**What to work on**
Return the data below unchanged, without images.

**Information supplied**
============

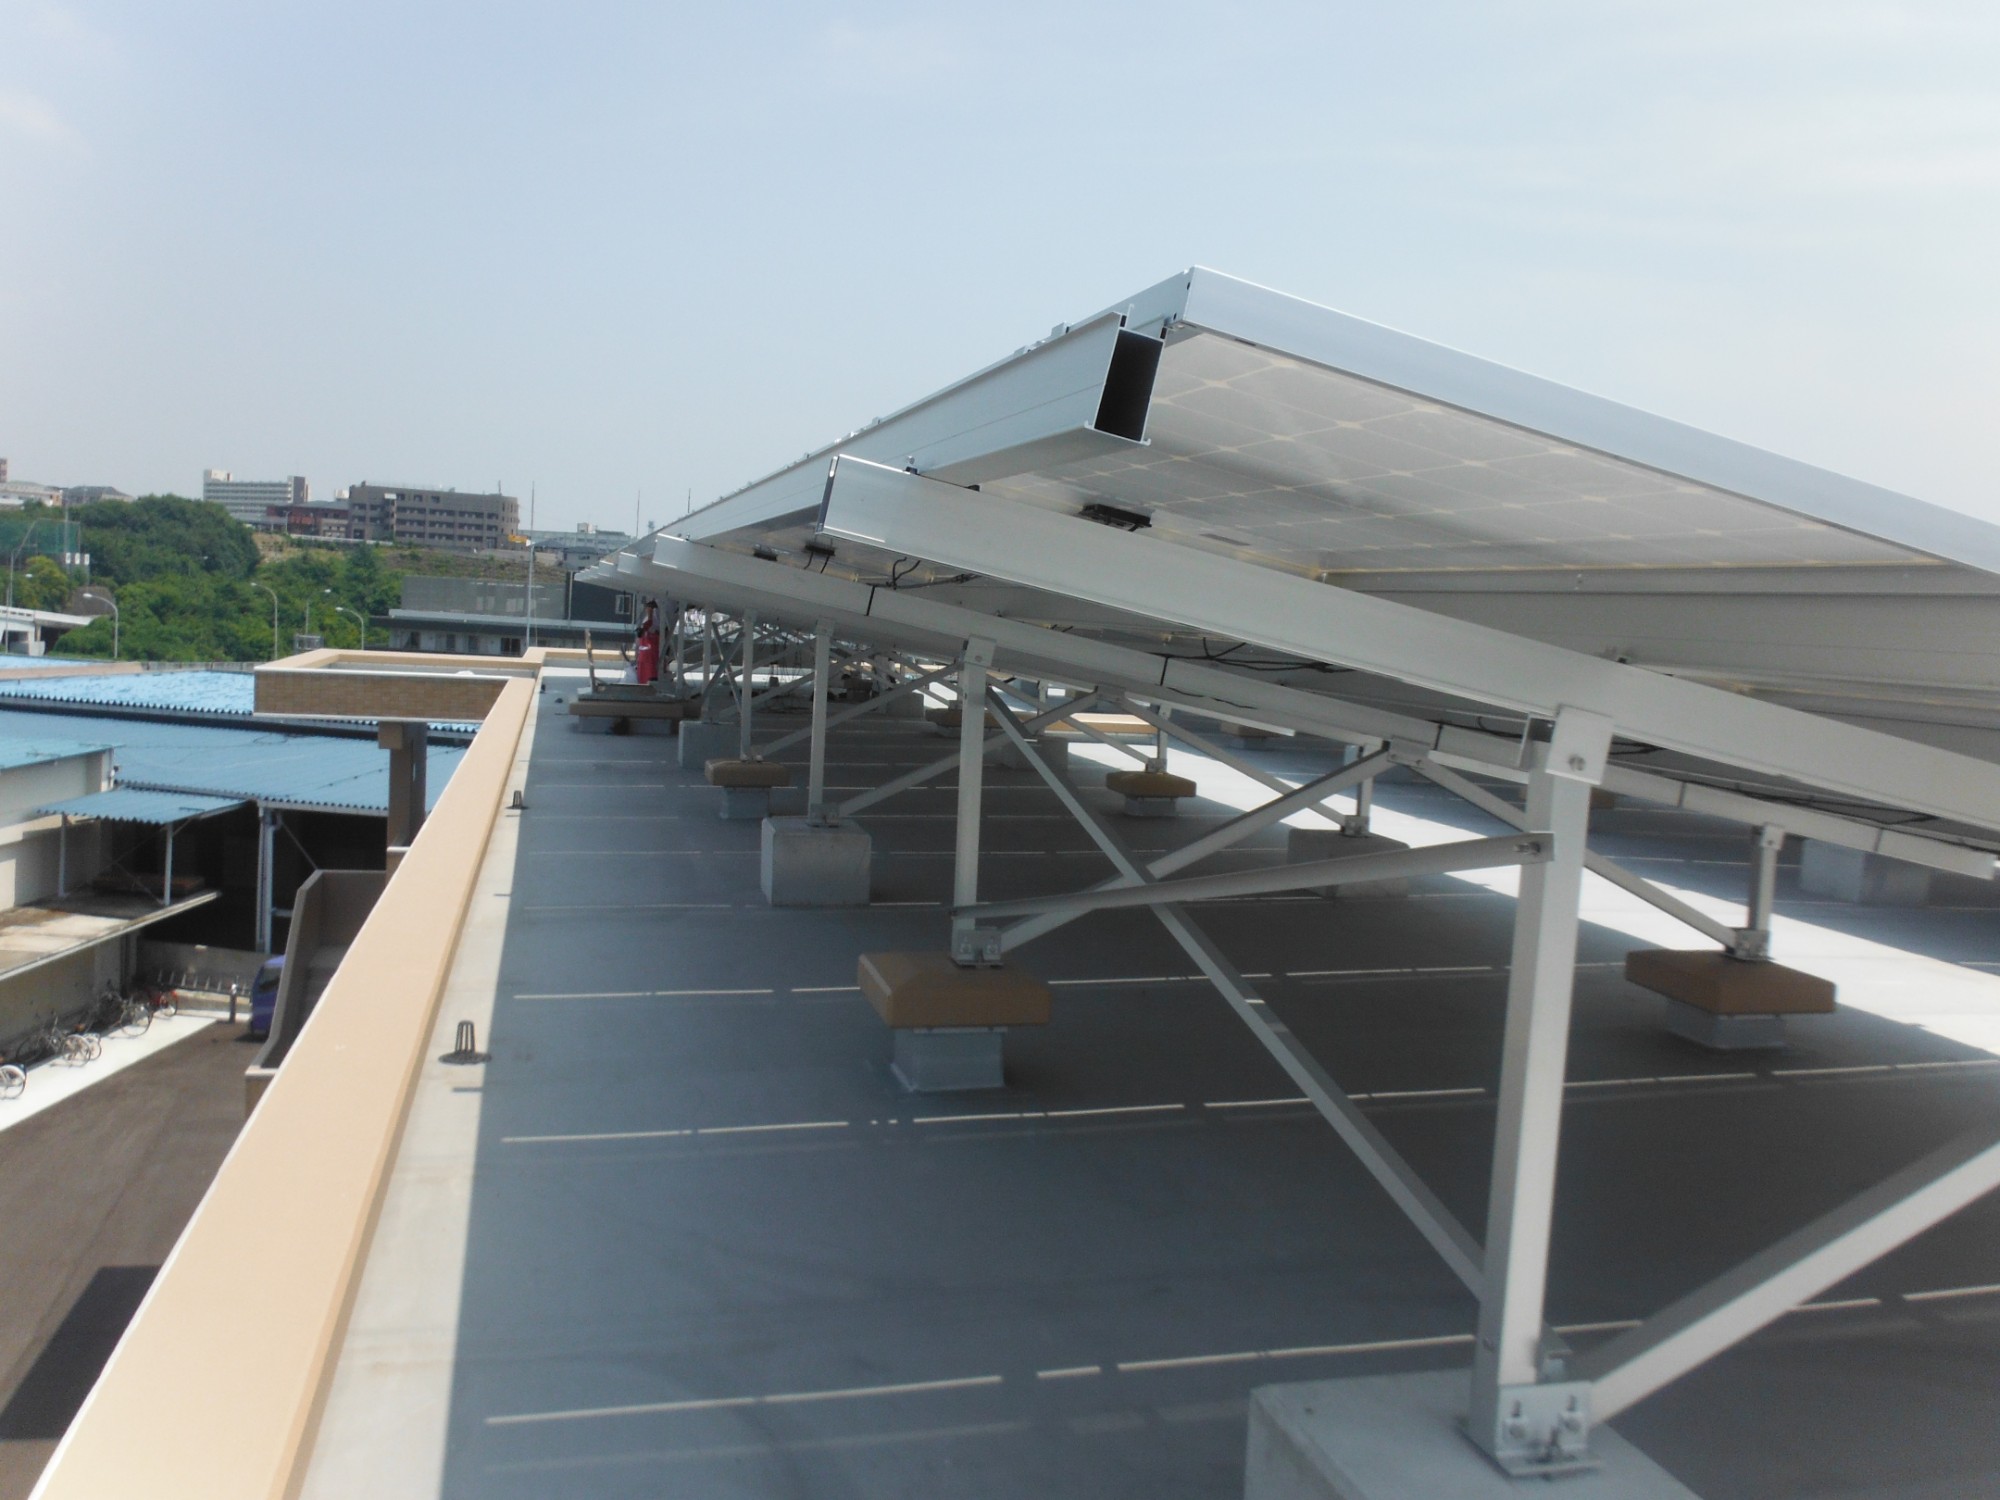 Flat Roof Solar Racking System Manufacturers, Flat Roof Solar Racking System Factory, Supply Flat Roof Solar Racking System
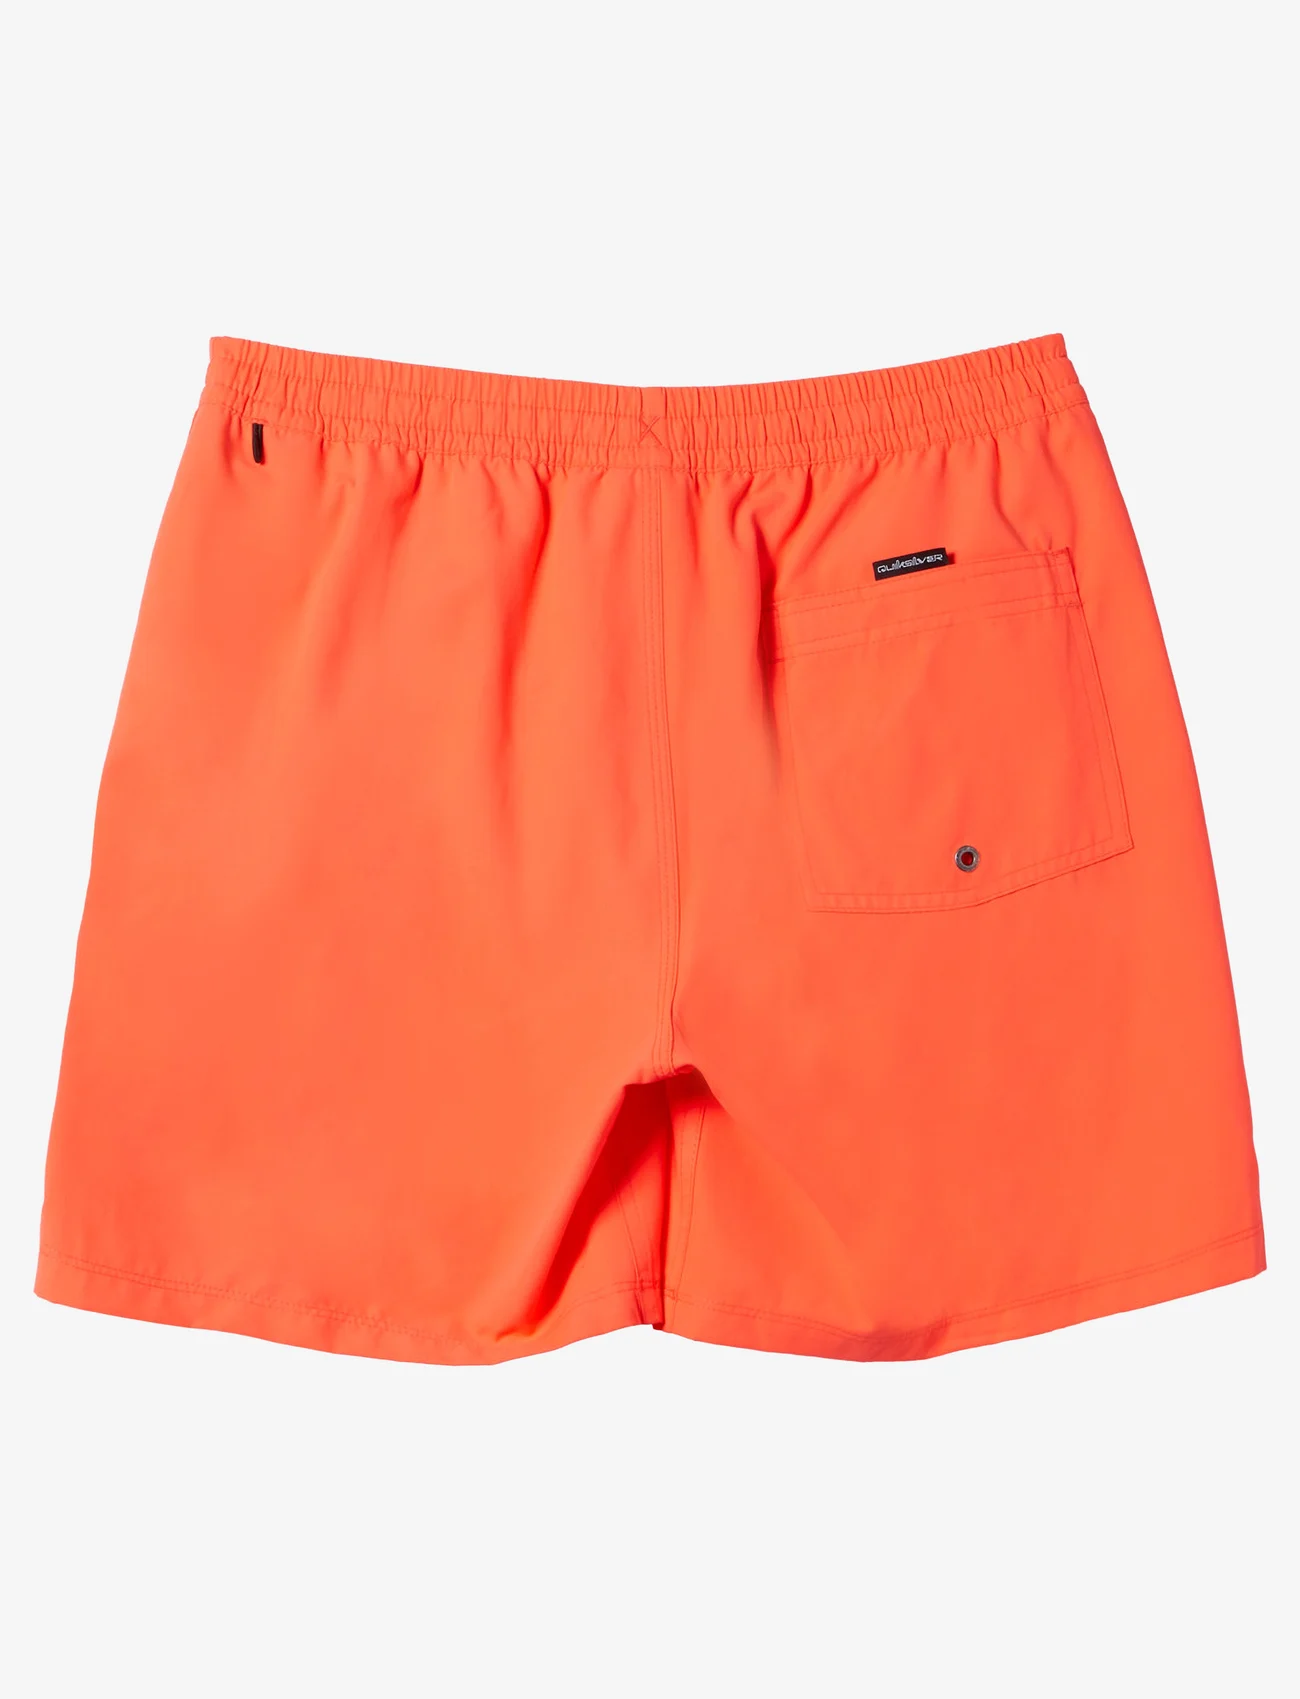 Quiksilver - EVERYDAY SOLID VOLLEY 15 - laveste priser - fiery coral - 1
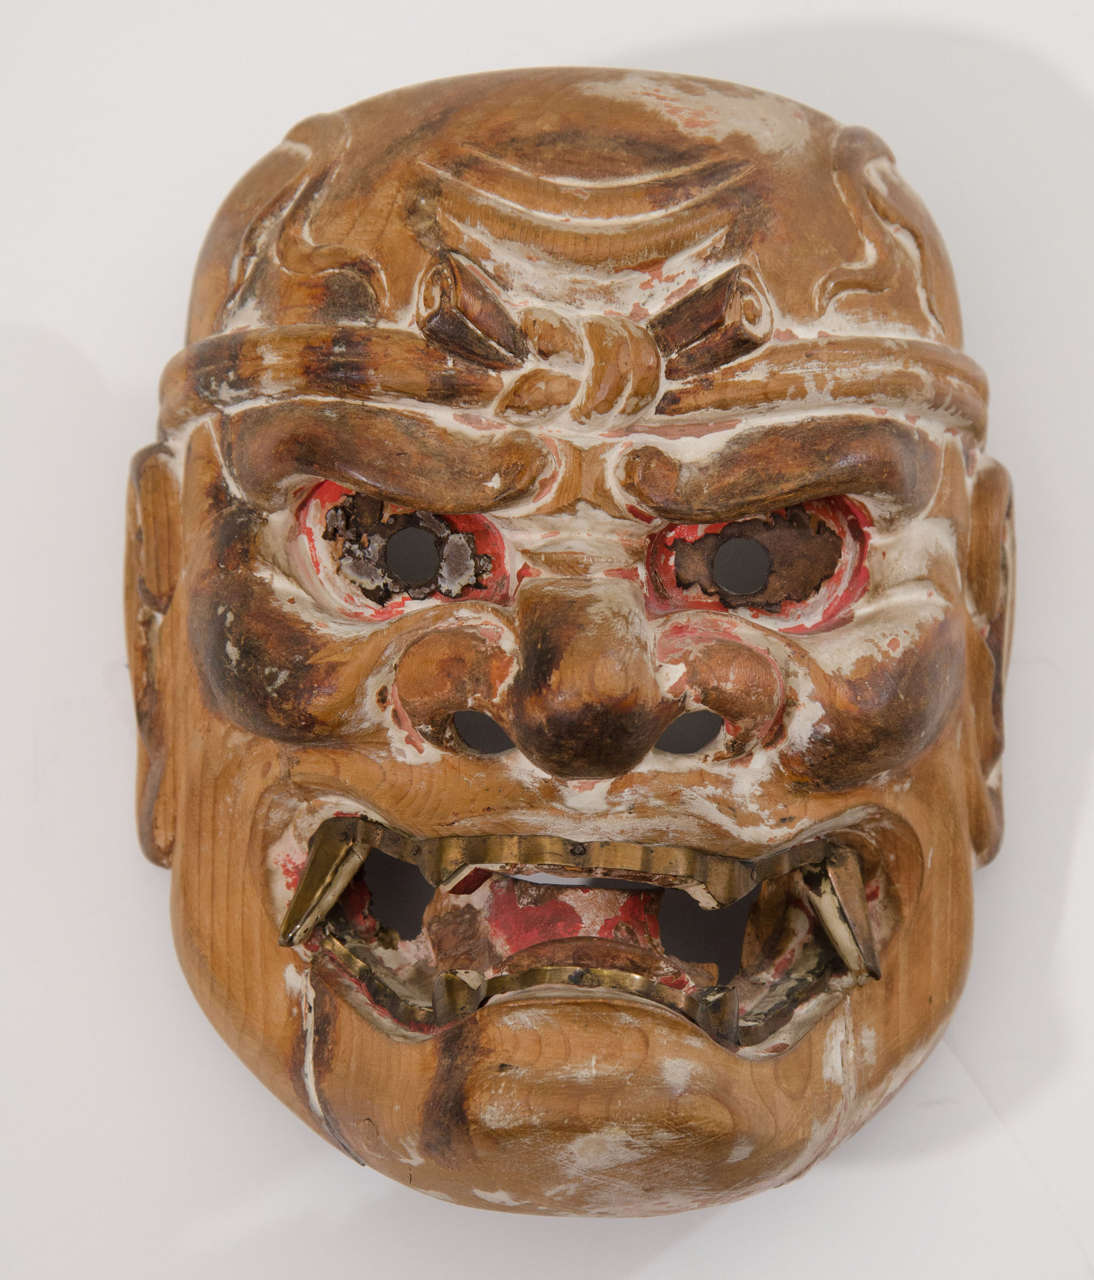 A powerful and rare Japanese Edo Period Kyogen mask of a Nio Guardian King; ferocious native deities often associated with the Naga Dragon Kings, who converted to Buddhism and now act as bodyguards for the Buddha.  The Edo period was the golden age

============

**The completed task**
 Flat Roof Solar Racking System Manufacturers, Flat Roof Solar Racking System Factory, Supply Flat Roof Solar Racking System
 Quiksilver - EVERYDAY SOLID VOLLEY 15 - laveste priser - fiery coral - 1
 A powerful and rare Japanese Edo Period Kyogen mask of a Nio Guardian King; ferocious native deities often associated with the Naga Dragon Kings, who converted to Buddhism and now act as bodyguards for the Buddha.  The Edo period was the golden age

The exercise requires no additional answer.